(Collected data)
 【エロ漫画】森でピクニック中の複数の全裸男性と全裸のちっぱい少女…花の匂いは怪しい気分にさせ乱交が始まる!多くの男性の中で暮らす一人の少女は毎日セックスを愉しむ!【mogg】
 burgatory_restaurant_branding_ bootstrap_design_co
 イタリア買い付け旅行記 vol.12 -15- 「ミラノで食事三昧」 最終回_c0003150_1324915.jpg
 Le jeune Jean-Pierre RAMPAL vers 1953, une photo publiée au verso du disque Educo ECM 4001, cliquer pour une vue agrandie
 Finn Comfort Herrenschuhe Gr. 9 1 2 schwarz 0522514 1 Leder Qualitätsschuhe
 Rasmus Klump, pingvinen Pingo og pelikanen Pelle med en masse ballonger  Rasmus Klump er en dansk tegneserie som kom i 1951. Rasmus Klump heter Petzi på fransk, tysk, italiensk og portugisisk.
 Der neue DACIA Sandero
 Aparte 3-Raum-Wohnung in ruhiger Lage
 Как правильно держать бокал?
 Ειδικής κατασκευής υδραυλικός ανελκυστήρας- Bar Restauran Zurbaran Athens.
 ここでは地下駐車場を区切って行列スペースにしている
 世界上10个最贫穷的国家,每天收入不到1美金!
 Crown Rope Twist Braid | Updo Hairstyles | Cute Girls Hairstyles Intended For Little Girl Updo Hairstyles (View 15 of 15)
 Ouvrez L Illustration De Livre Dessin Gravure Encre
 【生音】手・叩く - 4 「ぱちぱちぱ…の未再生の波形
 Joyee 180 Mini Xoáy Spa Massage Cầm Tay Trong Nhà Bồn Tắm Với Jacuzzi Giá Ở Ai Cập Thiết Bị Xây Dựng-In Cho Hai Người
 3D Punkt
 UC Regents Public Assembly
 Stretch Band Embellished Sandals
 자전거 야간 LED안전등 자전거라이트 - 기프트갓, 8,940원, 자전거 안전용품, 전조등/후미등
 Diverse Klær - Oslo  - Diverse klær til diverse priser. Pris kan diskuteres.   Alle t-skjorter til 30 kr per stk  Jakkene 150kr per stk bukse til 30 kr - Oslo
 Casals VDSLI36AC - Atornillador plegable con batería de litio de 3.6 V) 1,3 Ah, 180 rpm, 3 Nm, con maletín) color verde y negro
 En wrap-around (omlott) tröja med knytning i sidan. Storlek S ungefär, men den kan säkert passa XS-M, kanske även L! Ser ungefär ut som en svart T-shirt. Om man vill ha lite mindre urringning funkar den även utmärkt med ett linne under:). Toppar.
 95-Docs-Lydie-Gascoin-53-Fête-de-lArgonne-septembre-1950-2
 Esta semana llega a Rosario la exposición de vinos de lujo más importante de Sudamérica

* **Goal of the exercise**
Please reproduce, exactly as written, the lines of the records from the first line through the one containing "Как правильно держать бокал?".

* **Exercise answer**
 【エロ漫画】森でピクニック中の複数の全裸男性と全裸のちっぱい少女…花の匂いは怪しい気分にさせ乱交が始まる!多くの男性の中で暮らす一人の少女は毎日セックスを愉しむ!【mogg】
 burgatory_restaurant_branding_ bootstrap_design_co
 イタリア買い付け旅行記 vol.12 -15- 「ミラノで食事三昧」 最終回_c0003150_1324915.jpg
 Le jeune Jean-Pierre RAMPAL vers 1953, une photo publiée au verso du disque Educo ECM 4001, cliquer pour une vue agrandie
 Finn Comfort Herrenschuhe Gr. 9 1 2 schwarz 0522514 1 Leder Qualitätsschuhe
 Rasmus Klump, pingvinen Pingo og pelikanen Pelle med en masse ballonger  Rasmus Klump er en dansk tegneserie som kom i 1951. Rasmus Klump heter Petzi på fransk, tysk, italiensk og portugisisk.
 Der neue DACIA Sandero
 Aparte 3-Raum-Wohnung in ruhiger Lage
 Как правильно держать бокал?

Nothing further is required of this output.